O'regan, B., Gratzel, M.,A low-cost, high-efficiency solar cell based on dye-sensitized colloidal TiO2 films, Nature, Vol 353, 737-740, (1991)
TiO2 as a cheap material is used as a an electron conductor in the cell. The TiO2 layer is prepared from colloidal solution and to make the electric connection briefly sintered at 450 ̊C. The layer has the thickness of 10µm and the particle size of 15nm which gives the cell both larger surface area and higher roughness factor. This average size make the cell to absorb more dye and harvest more light. The applied dye is trimeric ruthenium complex which absorbs the photon. The absorption onset is about 750nm. The hole conductor to complete the circuit is the iodide/triiodide redox electrolyte Li+ .
Nanocrystalline dye‐sensitized solar cells having maximum performance, Progress in Photovoltaics, Vol 15, 1-18, (2007)
In this contribution the development of DSC in matters of efficiencies and stabilities are considered. Some of the drawbacks of DSC: 1- Inefficient light absorption of the dye 2-Surface recombination 3- Limited Fill Factor(FF) due to series resistance losses, light intensity recombination,... .
Concept development Three different design considered. A standard one with the dye on a high surface area nc-TiO2 , A high surface transparent TiO2 with a light back scattering, TCO-less design that for the secondary electrode uses a porous metal layer.
Materials Nano Crystalline TiO2 is prepared from collodial solutions following by hydrothermal sol-gel procedures via either acidic or basic preparation. An experiments shows the base peptization results in a higher device open circuit voltage. See Acid versus base peptization of mesoporous nanocrystalline TiO2 films. Home-made TiO2 or P25(Degussa) are used.
scattering Layers To enhance the light absorption layers with particle sizes between 100-400 nm are used such as ZrO2, Different phase of TiO2. By applying the scatter layer the photocurrent is increased about 10%.
Conformal coatings of nanocrystalline electrodes Palomares, E., Clifford, J., Haque, S., Lutz, T., Durrant, J. Control of Charge Recombination Dynamics in Dye Sensitized Solar Cells by the Use of Conformally Deposited Metal Oxide Blocking Layers American Chemical Society, Vol 125, 475-482 , (2003)
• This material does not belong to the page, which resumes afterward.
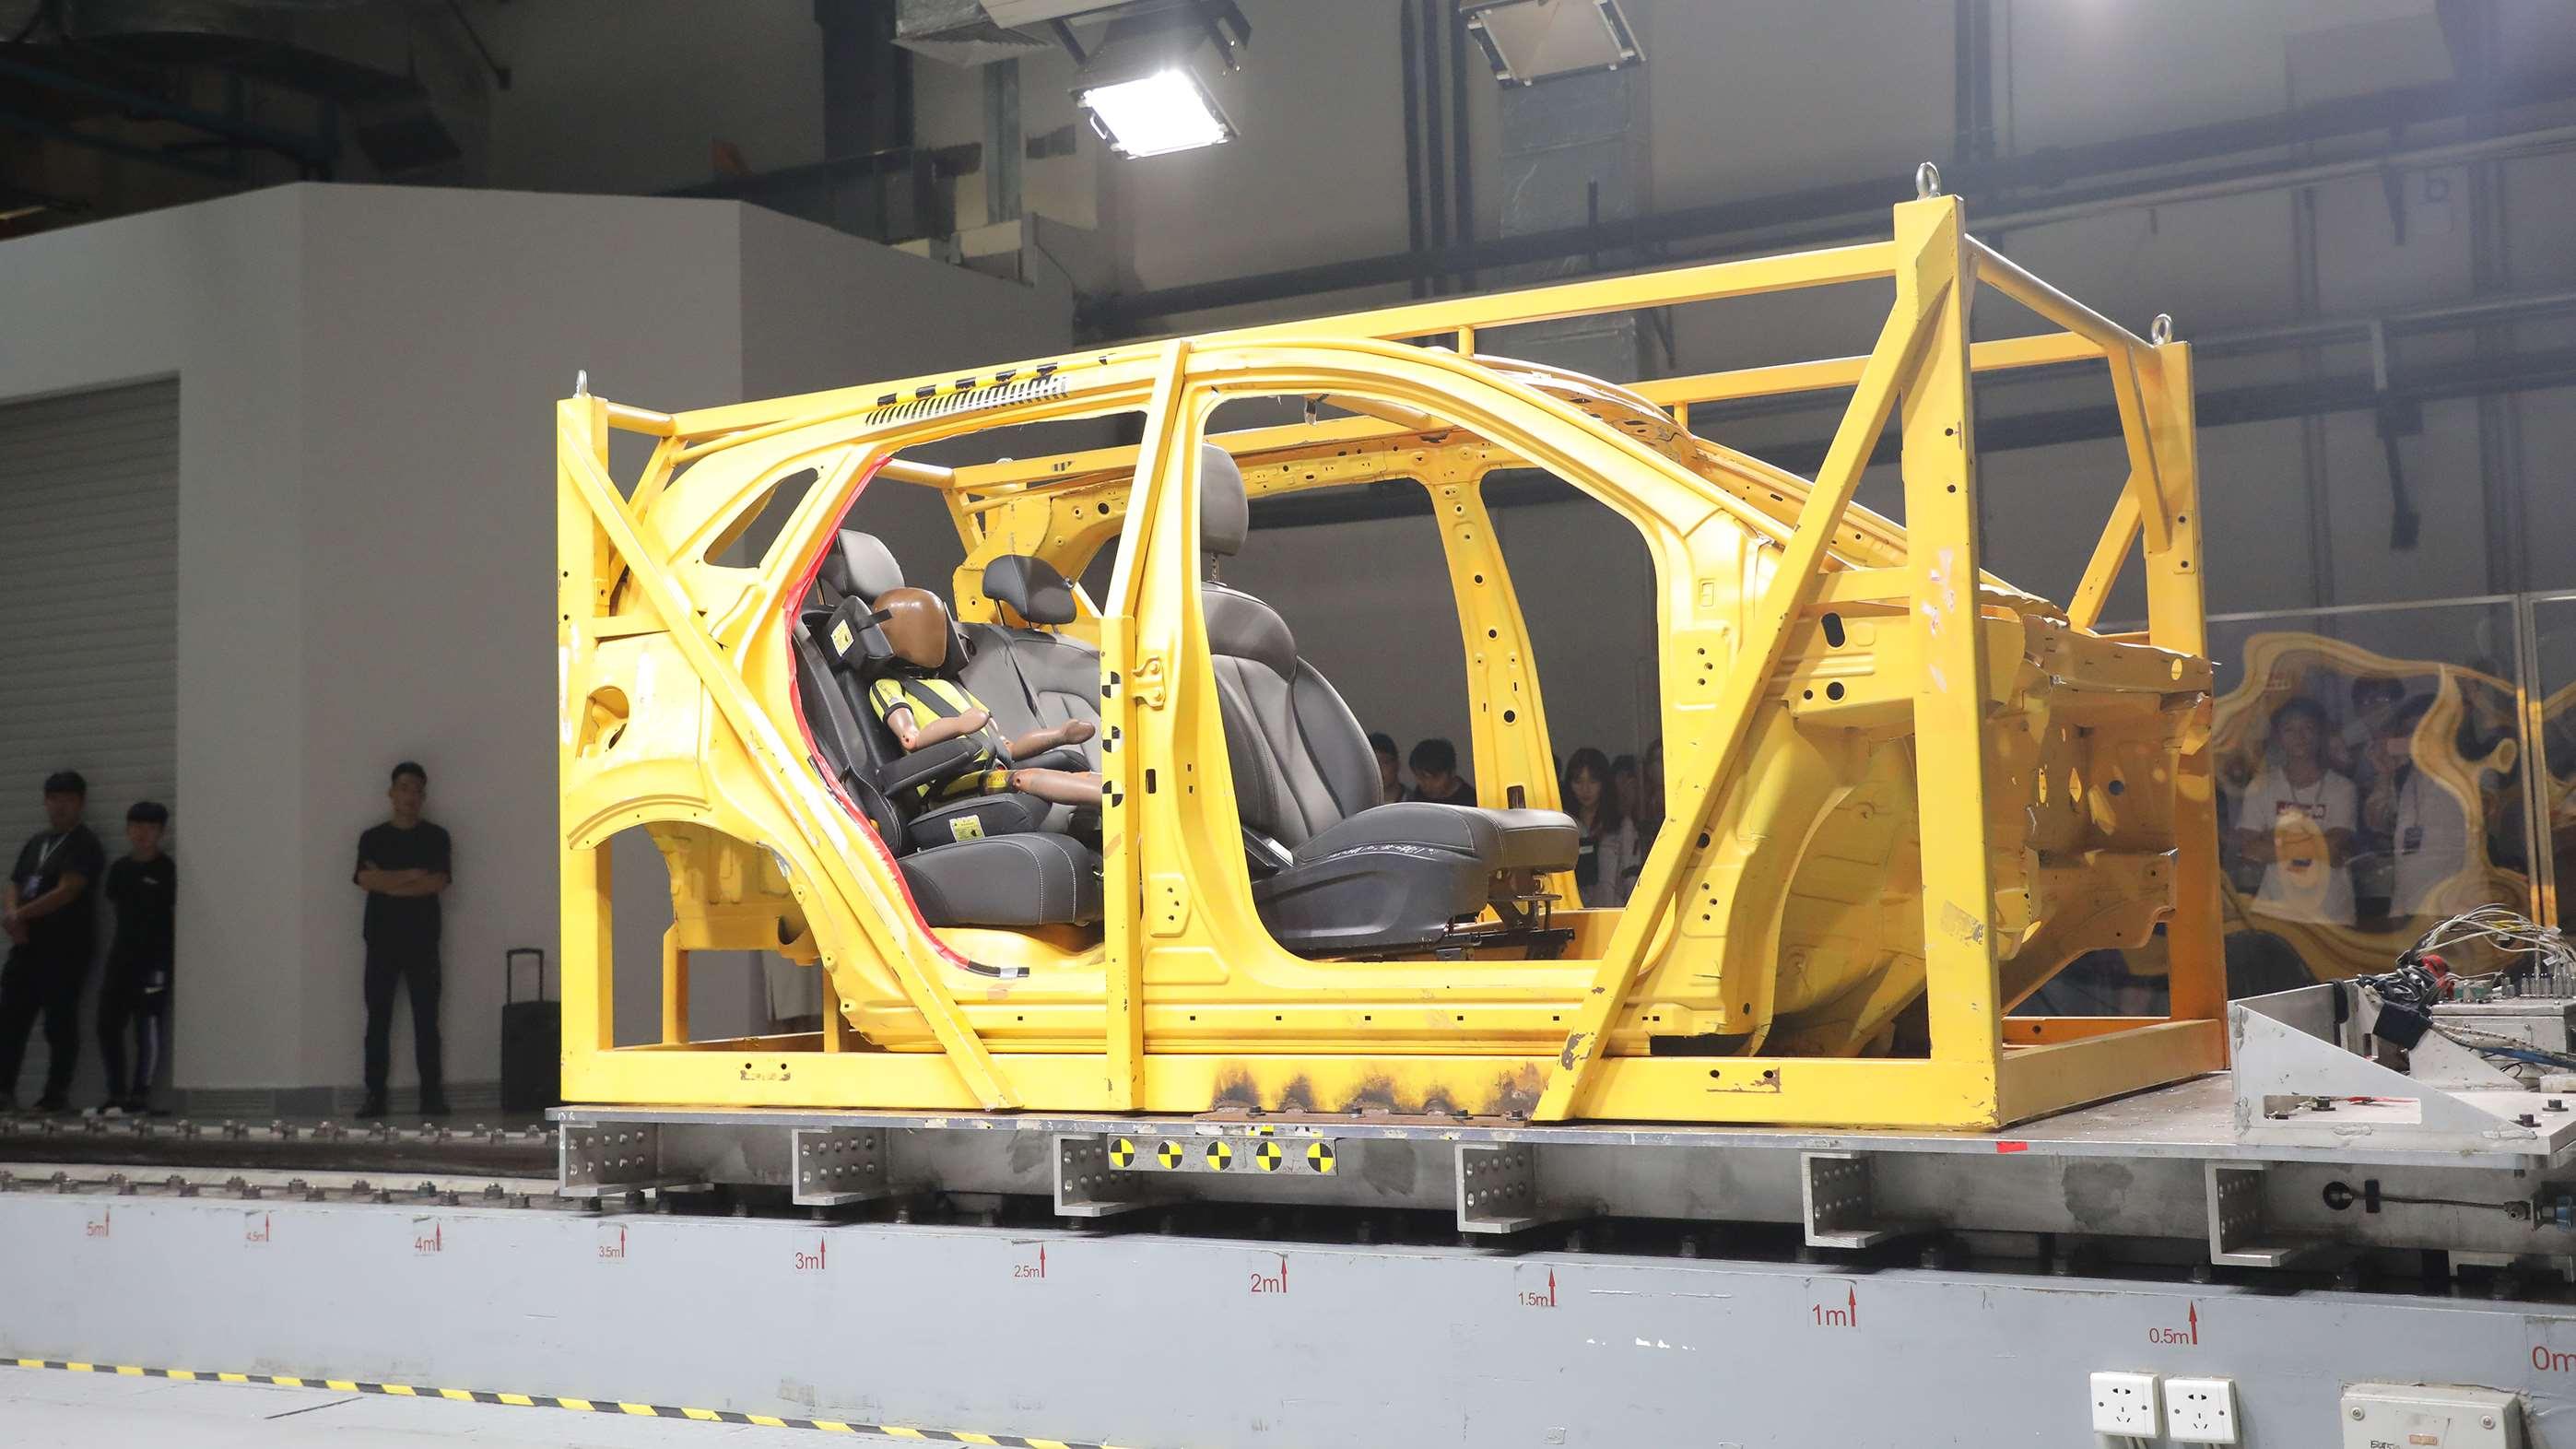 RX3一体式儿童安全座椅滑台测试

Other oxides has been investigated but so far TiO2 shows the best response. SnO2 has also been considered for its faster charge transport, but its conduction band energy is 0.4V more positive than TiO2.
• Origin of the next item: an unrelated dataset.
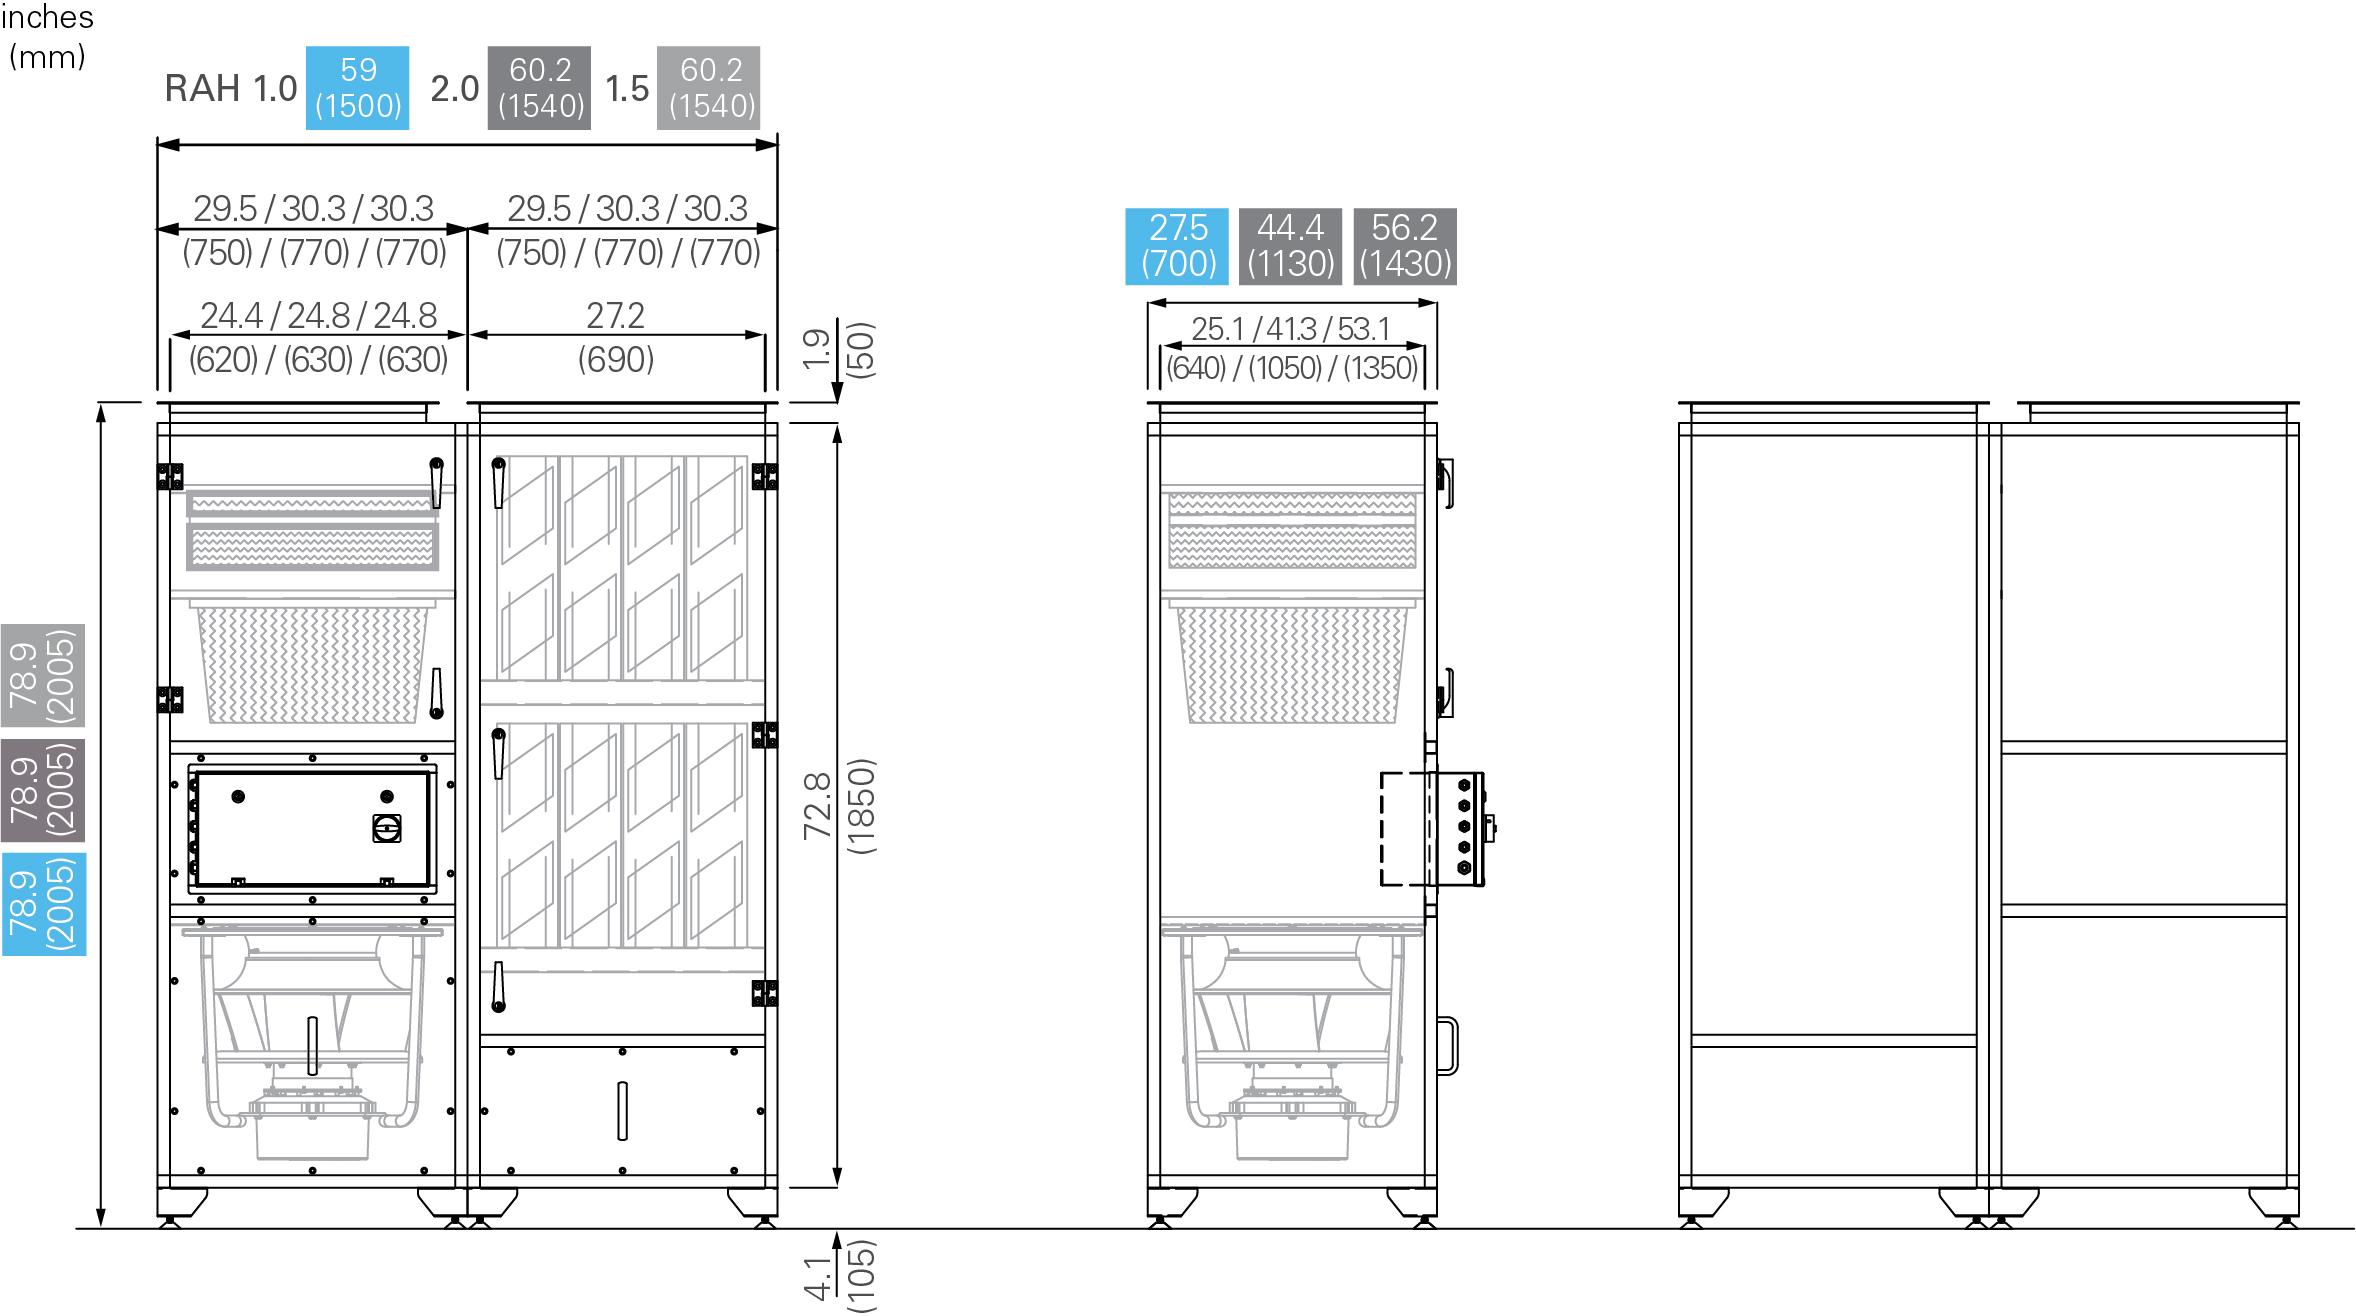 Dimensions for Halton RecoAir Recirculating Units

TiO2 Microstructure and Fabrication in DSCs[edit | edit source]
In this part different microstructure and characterization of TiO2 that has been worked on so far is reviewed chronologically.
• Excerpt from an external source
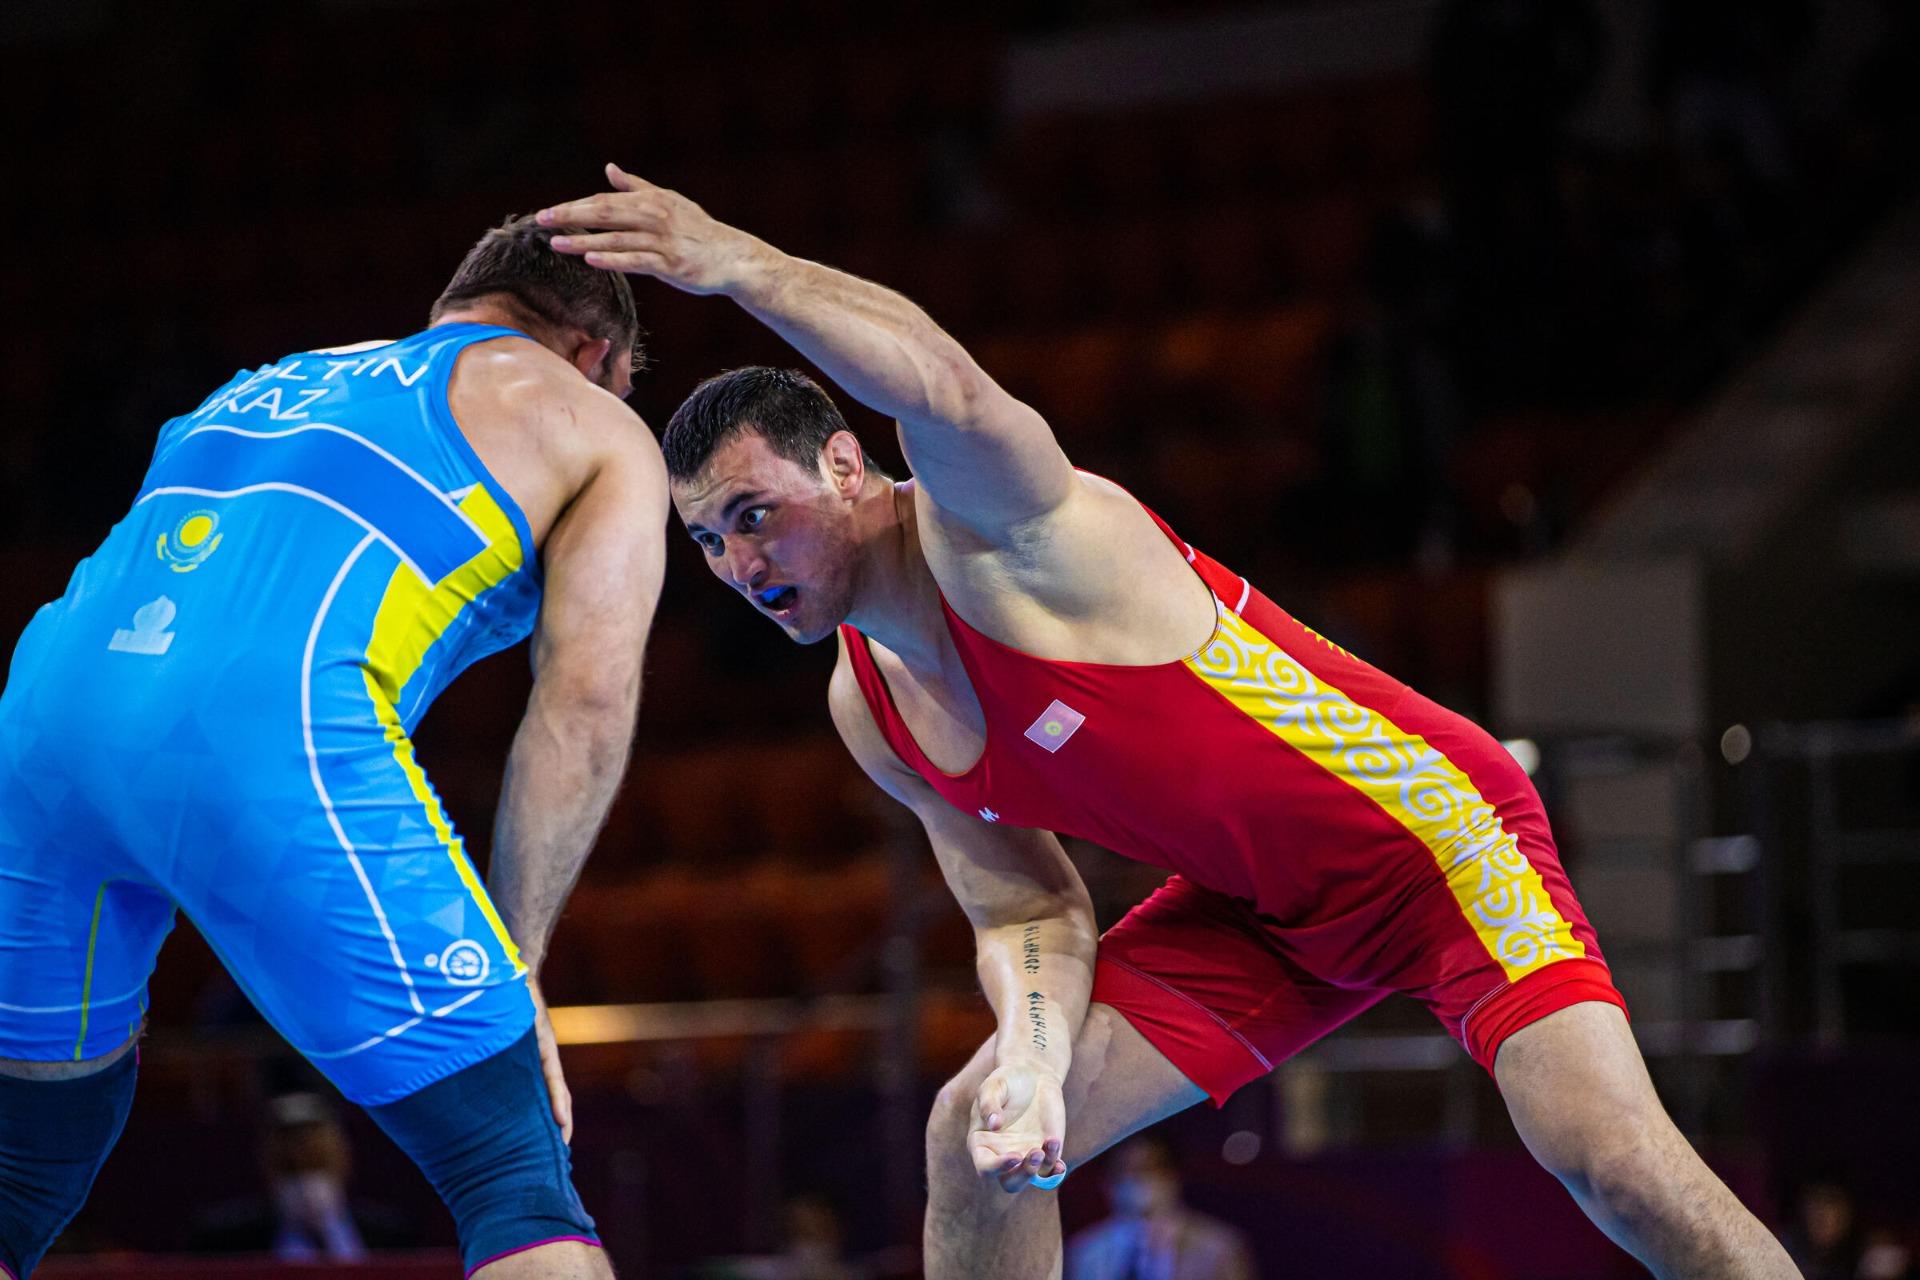 Айаал Лазарев уступил турку в утешительной схватке Олимпийских игр

Almeida, P., Deelen, J., Catry, C., Sneyers, H., Pataki, T., Andriessen, R., Roost, c., Kroon, J.M. Microstructure characterization of titanium dioxide nanodispersions and thin films for dye-sensitized solar cell devices Applied Physics, Vol 79, 1819-1828, (2004)
TiO2 nano dispersions synthesized by calcination of the dried hydrolysis product of Titanium isopropoxide and the films were formed by doctorblade technique following by heat or pressure sintering. Depending on the film forming process different electrical responses is measured. The I-V characterizations show better performance of TiO2 heat sintered films. This is because the heat-sintered TiO2 films have a homogeneous structure as the SEM results indicate. The pressure-sintered films on the other hand have a heterogeneous structure with inclusions which might account for the poor electrical performance. It is also possible to associate these inclusions to the the existence of volatile compounds which are left in the pressure-sintered films.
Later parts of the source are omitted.